カボチャは取り出さないまま冷まるのを待つことにして、他の作業にかかる。
さっき持ってきたMIXナッツを紙皿に出してレーズンだけを取り出し。ナッツはビニール袋に入れ包丁を寝かせ上から潰すようにして粗く砕いておく。
ピーマンは一度縦に切り種とヘタを取る。ちょっとサイズが大きい上に肉厚なので縦に細切りにするかと考えていると
「たっっっだいまぁーっっ!!」
ダイチさんが帰ってきた、やけにテンションが高い。
「あ、お帰りなさい・・・って、荷物多くないですか?!」
買い物袋の他に何やら大きな袋と箱を担いで帰ってきた。その中身は米と炊飯器だった。『主食になるもの』とは言ったけどもパックご飯とかのつもりでしたよ?

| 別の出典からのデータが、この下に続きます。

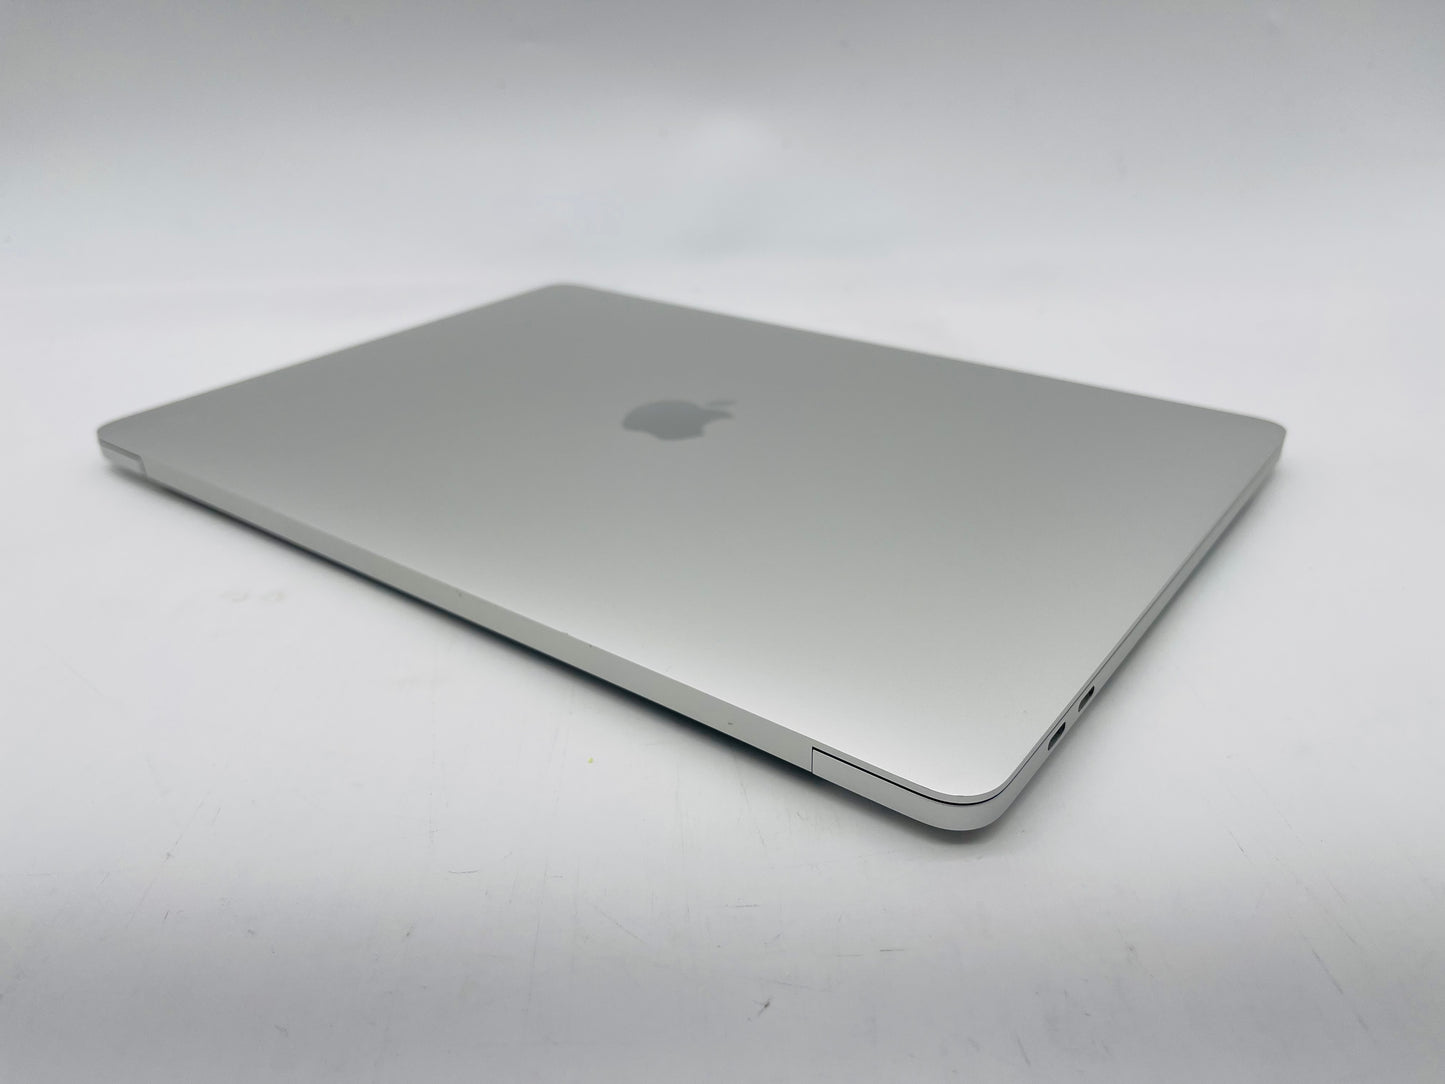 Apple 2020 MacBook Pro 13 in 2.0GHz i5 16GB RAM 512GB SSD IIPG1536 - Excellent
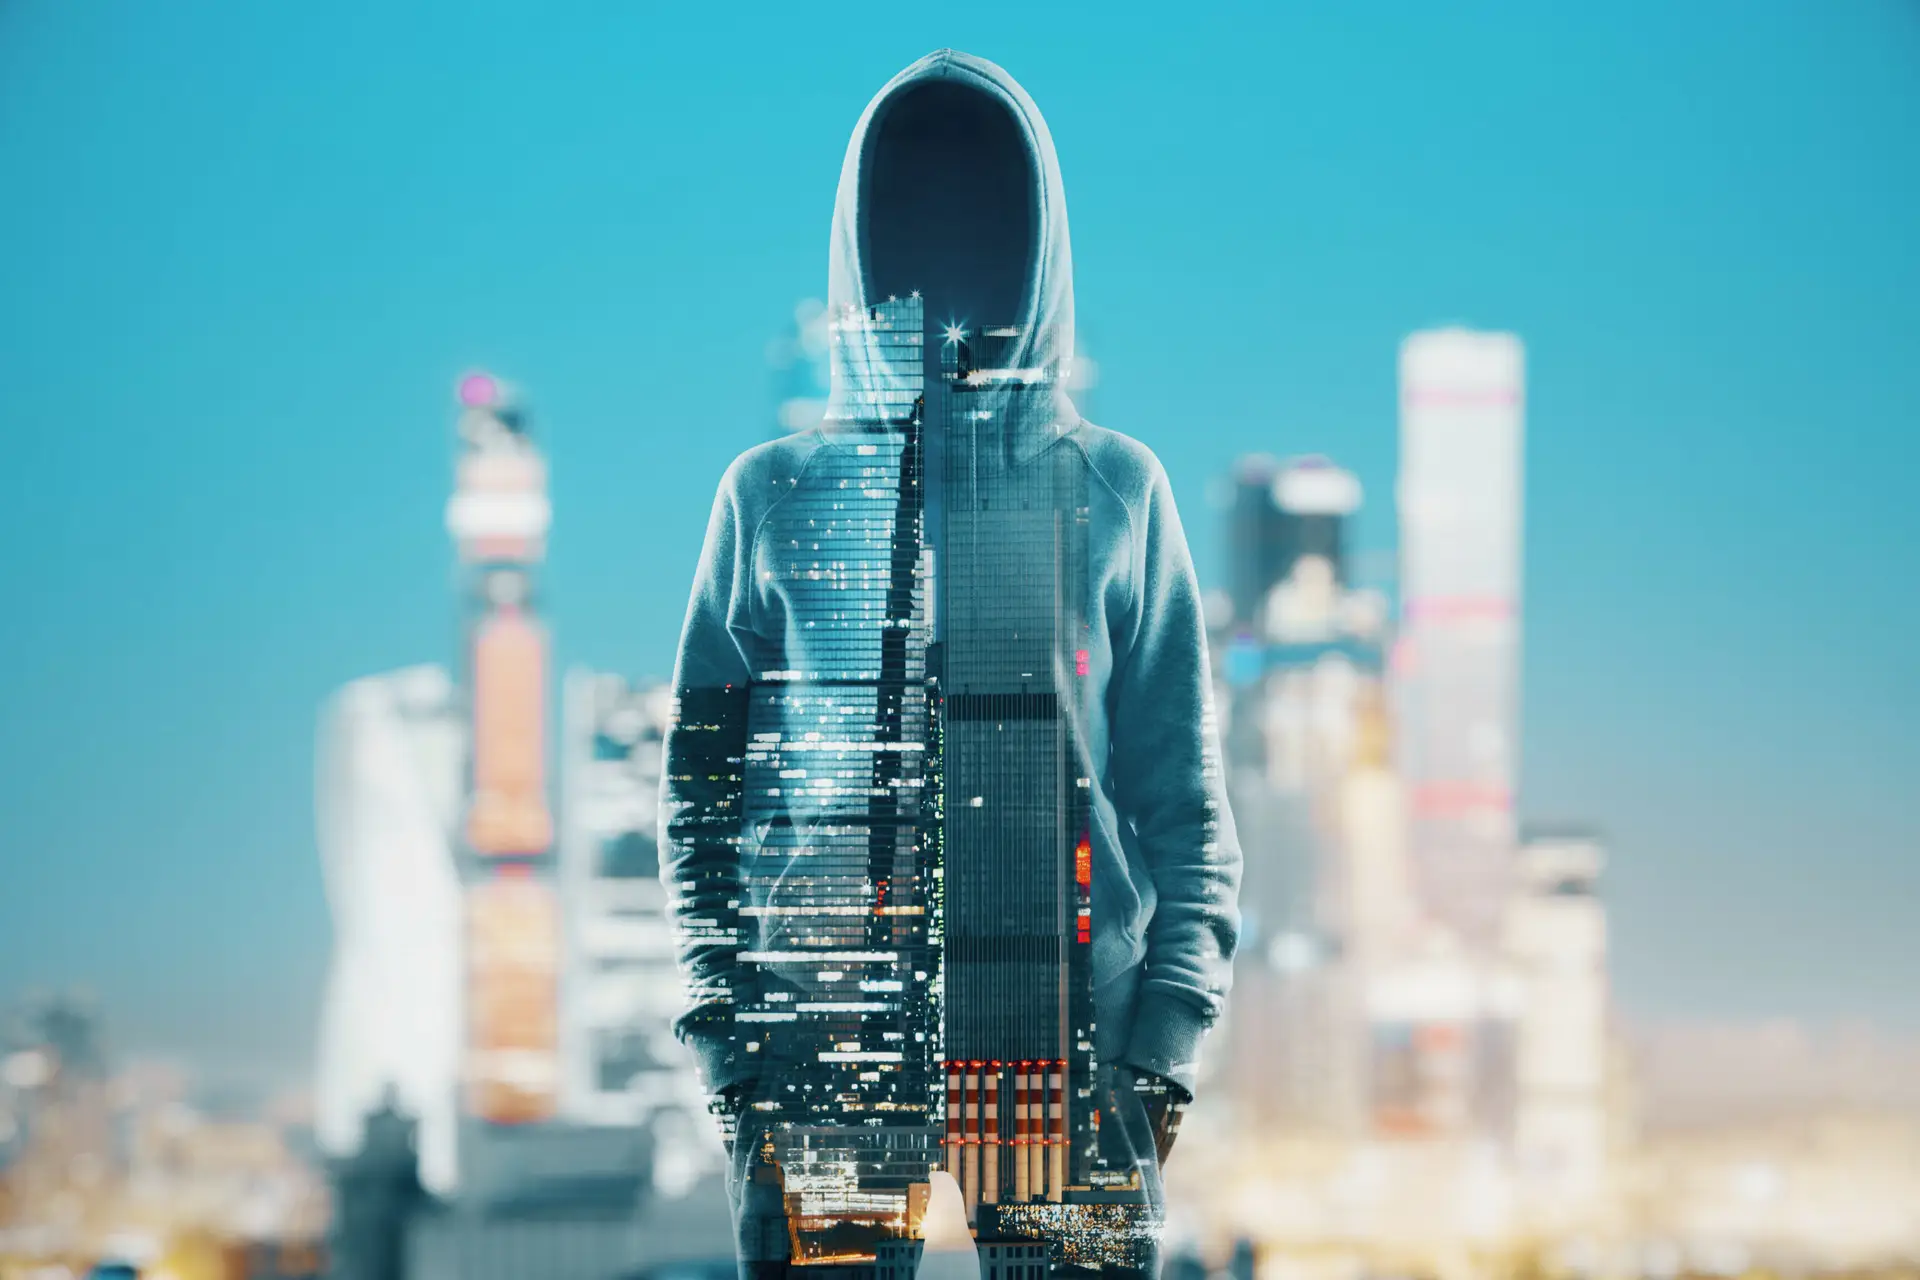 Eine doppelte Belichtung zeigt eine Person in einem Kapuzenpullover, die mit der Skyline einer Stadt verschmilzt, was die komplexe Beziehung zwischen Mensch und Künstlicher Intelligenz symbolisiert

それに何合炊きですか?ってか、何合食べる気ですか?!
鼻歌交じりに炊飯器を取り出すダイチさんその炊飯器にはデカデカと【1升炊き】のシールが貼られていた。
「俺がやりたい!炊いてみたい!!」
「えっと、炊いた事は?」
「無い!!」
はい、僕が教える事になりますよね、はい、分かります。ちょっと面倒くさいとか思ったけどちゃんと教えましたよ・・・。
給湯室は狭いし炊飯器の置き場所は無かったので研いで目盛まで水を入れてから休憩室のテーブルで炊く事にした。ダイチさんは何が嬉しいのかニコニコと終始ご機嫌でそれに張り付いている。
僕はその間に料理の続きをすることにした。
コメを研いだりしてるうちに丁度良い温度になったカボチャを取り出してナスの入った袋に合わせ調味料(水、砂糖、醤油、にんにくチューブ、七味)を入れて袋の口を軽く絞るようにしてからその口を上に向けレンジで5分ほど加熱。様子見して更に1分ほど加熱しごま油を少し垂らして馴染ませ放置しておく。
カボチャは4等分に切り分け種とワタを取り、その4分の1をビニール袋に入れ皮ごと粗く潰し、そこに砂糖、塩コショウ、マヨネーズ、牛乳少しを加え固さと味を調節しレーズンを入れ軽く混ぜる。それを紙皿に絞り出して上に砕いたナッツをトッピングした。
カボチャの残りは袋に入れて冷蔵庫に入れておく。
後はピーマンの千切りと豚肉を切ったものを中華鍋でマヨネーズ炒めにし、溶き卵を加え塩コショウして出来上がり。
後は馴染ませておいたナスも皿に盛り付ければ完成だ。
丁度ご飯も炊きあがりドンブリ椀を3人分ちゃっかり用意していたダイチさんがあまりにも準備万端な為、早目の夕食となった。(スギさんもいつの間にか起きてた)
ちなみに1升炊いたはずの白ご飯は殆ど残りませんでした。